- Extracted records:

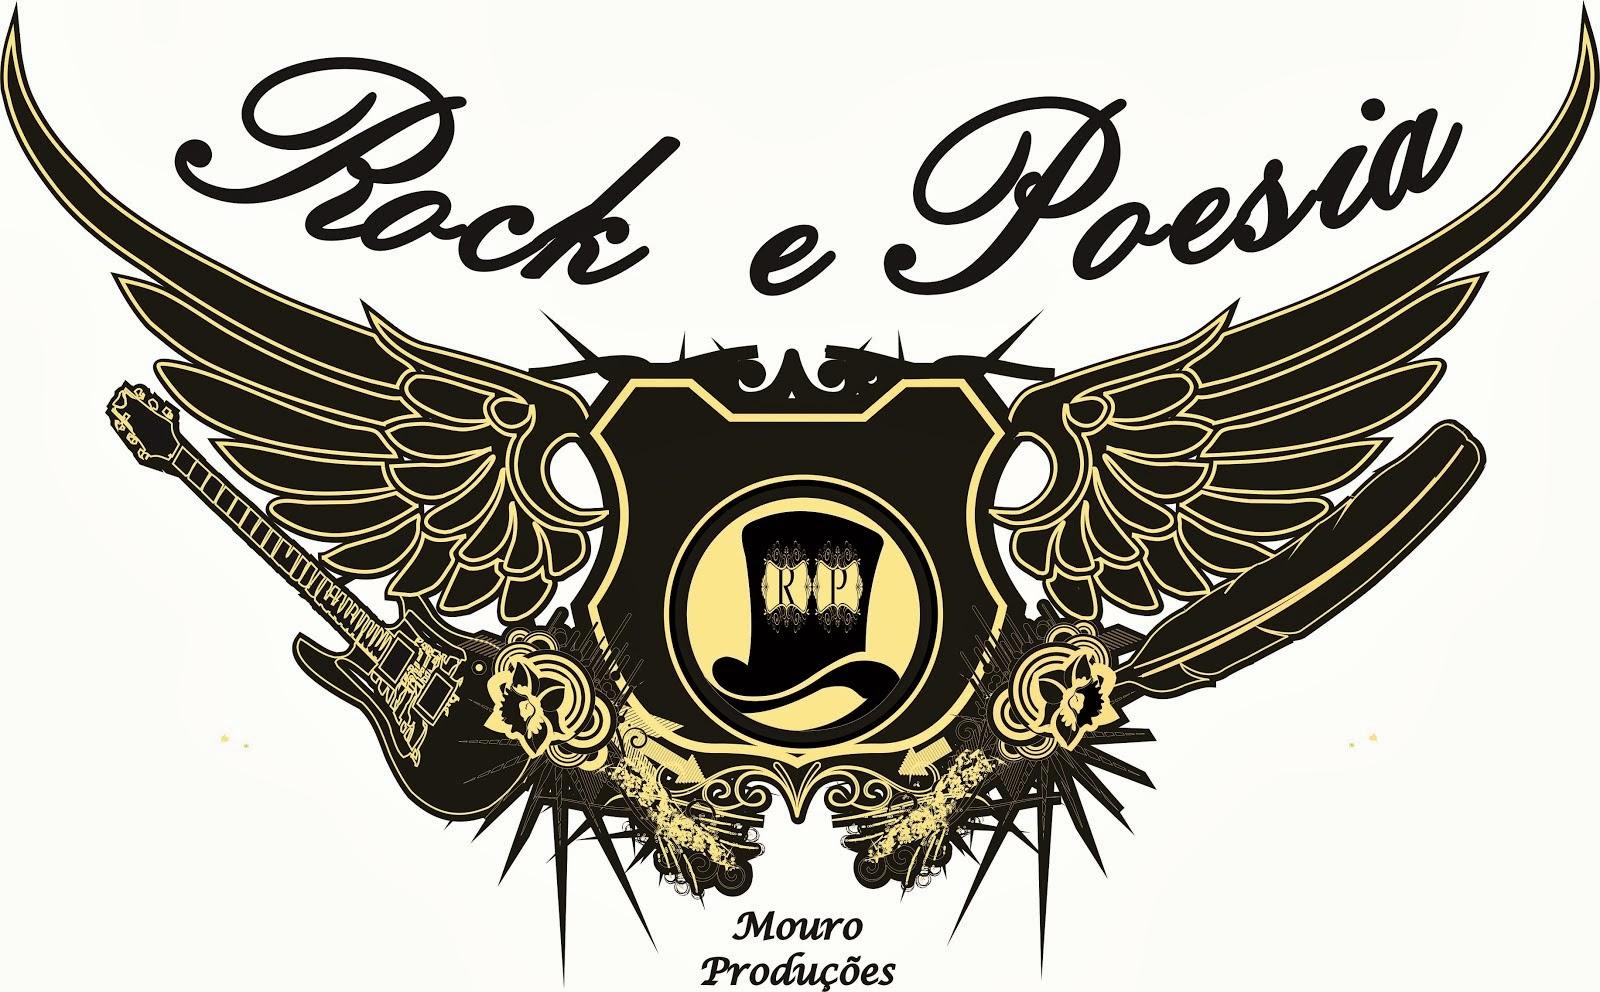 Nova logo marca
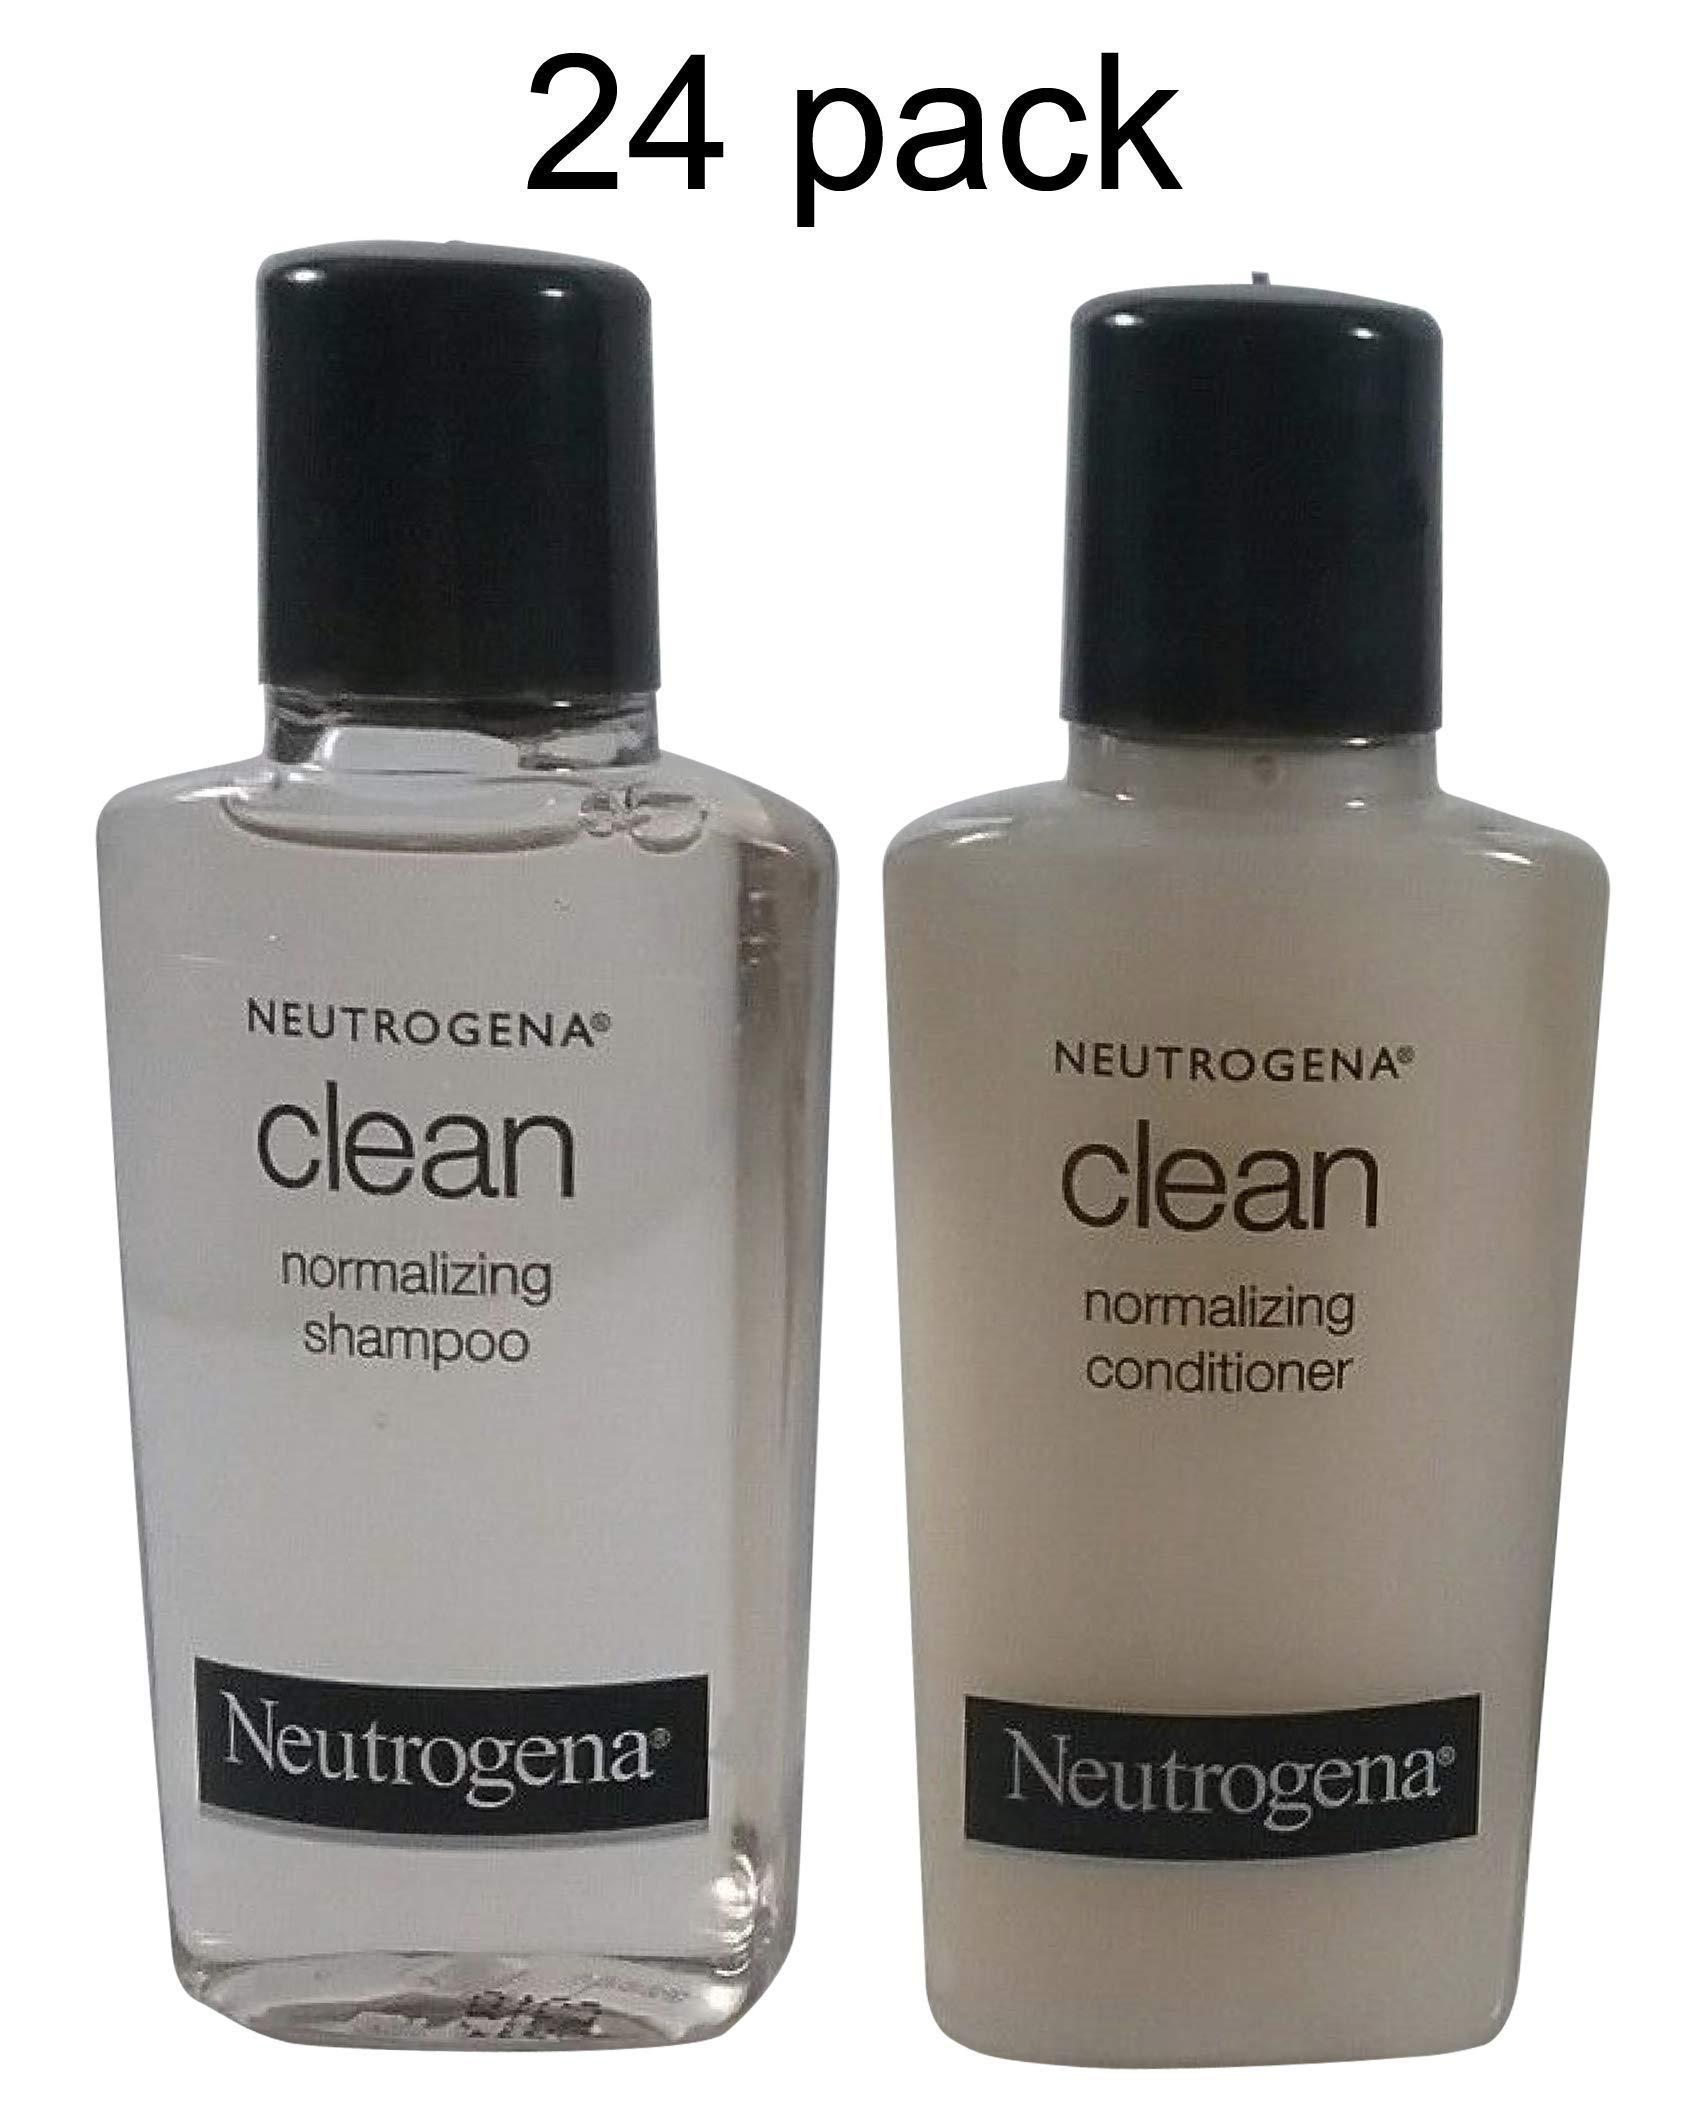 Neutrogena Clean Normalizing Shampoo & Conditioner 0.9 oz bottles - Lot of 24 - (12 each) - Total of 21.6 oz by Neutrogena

* * *

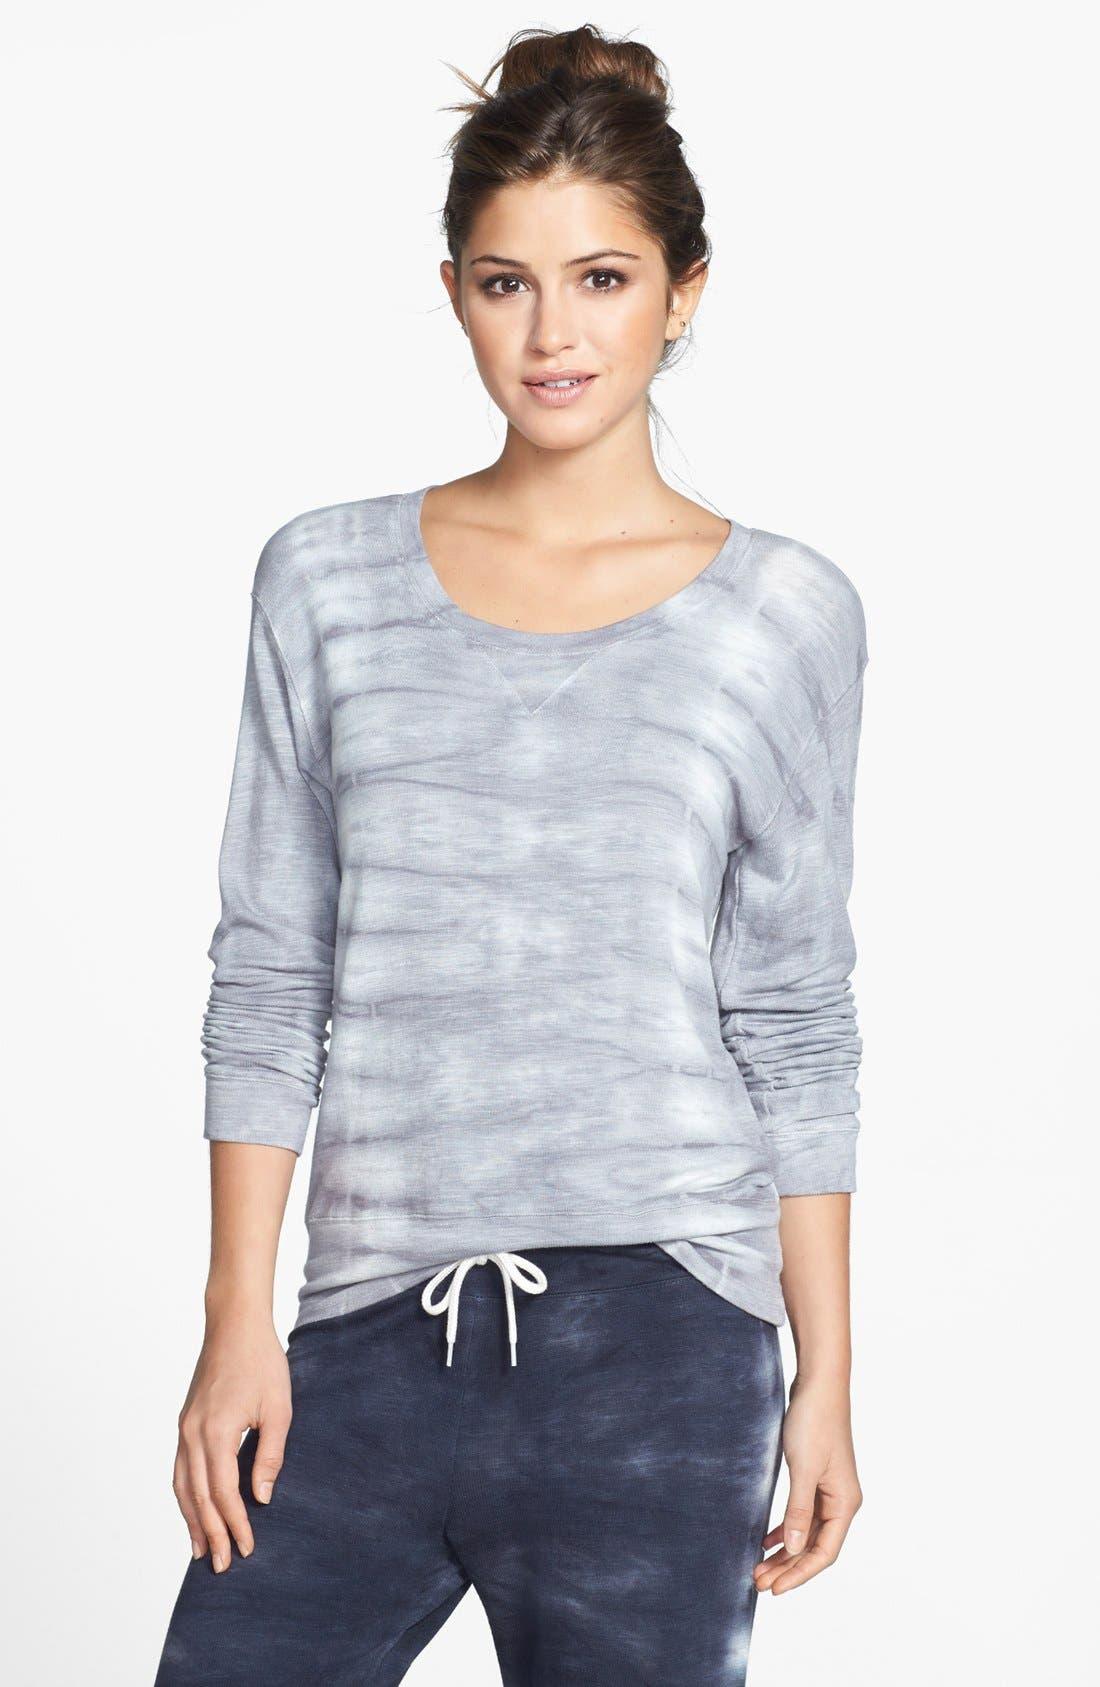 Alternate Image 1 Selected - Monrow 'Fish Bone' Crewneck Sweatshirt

- Directions: An exact copy is needed of the entries above, starting at the line that holds "Nova logo marca" and stopping at the line that holds "Neutrogena Clean Normalizing", both kept; pictures stay out.

- Exercise output:
 Nova logo marca
 Neutrogena Clean Normalizing Shampoo & Conditioner 0.9 oz bottles - Lot of 24 - (12 each) - Total of 21.6 oz by Neutrogena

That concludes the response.